>>>>

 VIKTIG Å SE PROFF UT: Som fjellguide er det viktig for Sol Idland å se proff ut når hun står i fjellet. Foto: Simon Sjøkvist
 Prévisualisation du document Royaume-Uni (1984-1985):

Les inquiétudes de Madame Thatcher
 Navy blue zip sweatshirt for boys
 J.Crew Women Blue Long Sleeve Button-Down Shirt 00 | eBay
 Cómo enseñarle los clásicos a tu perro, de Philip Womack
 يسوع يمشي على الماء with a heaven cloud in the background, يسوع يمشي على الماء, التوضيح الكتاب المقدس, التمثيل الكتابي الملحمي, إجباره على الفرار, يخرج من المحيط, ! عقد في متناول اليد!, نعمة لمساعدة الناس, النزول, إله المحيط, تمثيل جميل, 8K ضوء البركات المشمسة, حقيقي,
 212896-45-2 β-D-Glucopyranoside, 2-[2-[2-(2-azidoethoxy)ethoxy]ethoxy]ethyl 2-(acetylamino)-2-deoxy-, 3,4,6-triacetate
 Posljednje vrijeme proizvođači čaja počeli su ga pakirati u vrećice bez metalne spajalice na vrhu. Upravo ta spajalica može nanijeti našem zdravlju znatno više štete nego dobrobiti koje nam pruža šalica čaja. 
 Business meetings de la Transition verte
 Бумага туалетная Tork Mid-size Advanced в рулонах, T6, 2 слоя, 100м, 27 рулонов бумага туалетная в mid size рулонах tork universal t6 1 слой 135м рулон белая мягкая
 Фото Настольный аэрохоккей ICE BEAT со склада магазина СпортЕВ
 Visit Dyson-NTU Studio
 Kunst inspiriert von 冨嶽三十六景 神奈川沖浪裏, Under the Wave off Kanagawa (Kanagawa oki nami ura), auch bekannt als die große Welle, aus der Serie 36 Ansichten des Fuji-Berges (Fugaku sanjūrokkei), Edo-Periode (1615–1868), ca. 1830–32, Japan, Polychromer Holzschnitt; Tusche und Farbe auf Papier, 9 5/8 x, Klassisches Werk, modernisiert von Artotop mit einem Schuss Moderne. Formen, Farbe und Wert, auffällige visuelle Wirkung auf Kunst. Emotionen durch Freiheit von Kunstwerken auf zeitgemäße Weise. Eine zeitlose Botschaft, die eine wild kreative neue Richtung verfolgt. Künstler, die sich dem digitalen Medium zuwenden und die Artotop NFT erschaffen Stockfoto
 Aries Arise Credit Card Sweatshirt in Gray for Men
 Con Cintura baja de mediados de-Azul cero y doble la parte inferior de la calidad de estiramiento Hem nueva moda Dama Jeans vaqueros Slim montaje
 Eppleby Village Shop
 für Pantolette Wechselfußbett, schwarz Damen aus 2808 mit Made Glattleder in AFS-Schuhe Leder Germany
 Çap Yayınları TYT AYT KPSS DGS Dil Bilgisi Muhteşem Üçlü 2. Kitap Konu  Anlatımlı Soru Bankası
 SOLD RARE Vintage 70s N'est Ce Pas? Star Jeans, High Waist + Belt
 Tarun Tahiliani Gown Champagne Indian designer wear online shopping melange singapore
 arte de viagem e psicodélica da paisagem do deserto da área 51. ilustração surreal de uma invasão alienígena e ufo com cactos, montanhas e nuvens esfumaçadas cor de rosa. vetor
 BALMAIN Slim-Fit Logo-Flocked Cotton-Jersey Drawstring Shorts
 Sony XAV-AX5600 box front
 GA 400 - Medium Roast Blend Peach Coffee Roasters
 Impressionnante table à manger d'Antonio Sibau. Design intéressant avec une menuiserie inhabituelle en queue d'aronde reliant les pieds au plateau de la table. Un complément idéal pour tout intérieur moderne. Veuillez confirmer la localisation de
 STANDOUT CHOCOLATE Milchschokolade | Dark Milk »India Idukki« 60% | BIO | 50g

<<<<

| TASK TO CARRY OUT |
Copy out exactly the lines running from the line with "Aries Arise Credit" to the end of the records, inclusive.

| OUTPUT BELOW |
 Aries Arise Credit Card Sweatshirt in Gray for Men
 Con Cintura baja de mediados de-Azul cero y doble la parte inferior de la calidad de estiramiento Hem nueva moda Dama Jeans vaqueros Slim montaje
 Eppleby Village Shop
 für Pantolette Wechselfußbett, schwarz Damen aus 2808 mit Made Glattleder in AFS-Schuhe Leder Germany
 Çap Yayınları TYT AYT KPSS DGS Dil Bilgisi Muhteşem Üçlü 2. Kitap Konu  Anlatımlı Soru Bankası
 SOLD RARE Vintage 70s N'est Ce Pas? Star Jeans, High Waist + Belt
 Tarun Tahiliani Gown Champagne Indian designer wear online shopping melange singapore
 arte de viagem e psicodélica da paisagem do deserto da área 51. ilustração surreal de uma invasão alienígena e ufo com cactos, montanhas e nuvens esfumaçadas cor de rosa. vetor
 BALMAIN Slim-Fit Logo-Flocked Cotton-Jersey Drawstring Shorts
 Sony XAV-AX5600 box front
 GA 400 - Medium Roast Blend Peach Coffee Roasters
 Impressionnante table à manger d'Antonio Sibau. Design intéressant avec une menuiserie inhabituelle en queue d'aronde reliant les pieds au plateau de la table. Un complément idéal pour tout intérieur moderne. Veuillez confirmer la localisation de
 STANDOUT CHOCOLATE Milchschokolade | Dark Milk »India Idukki« 60% | BIO | 50g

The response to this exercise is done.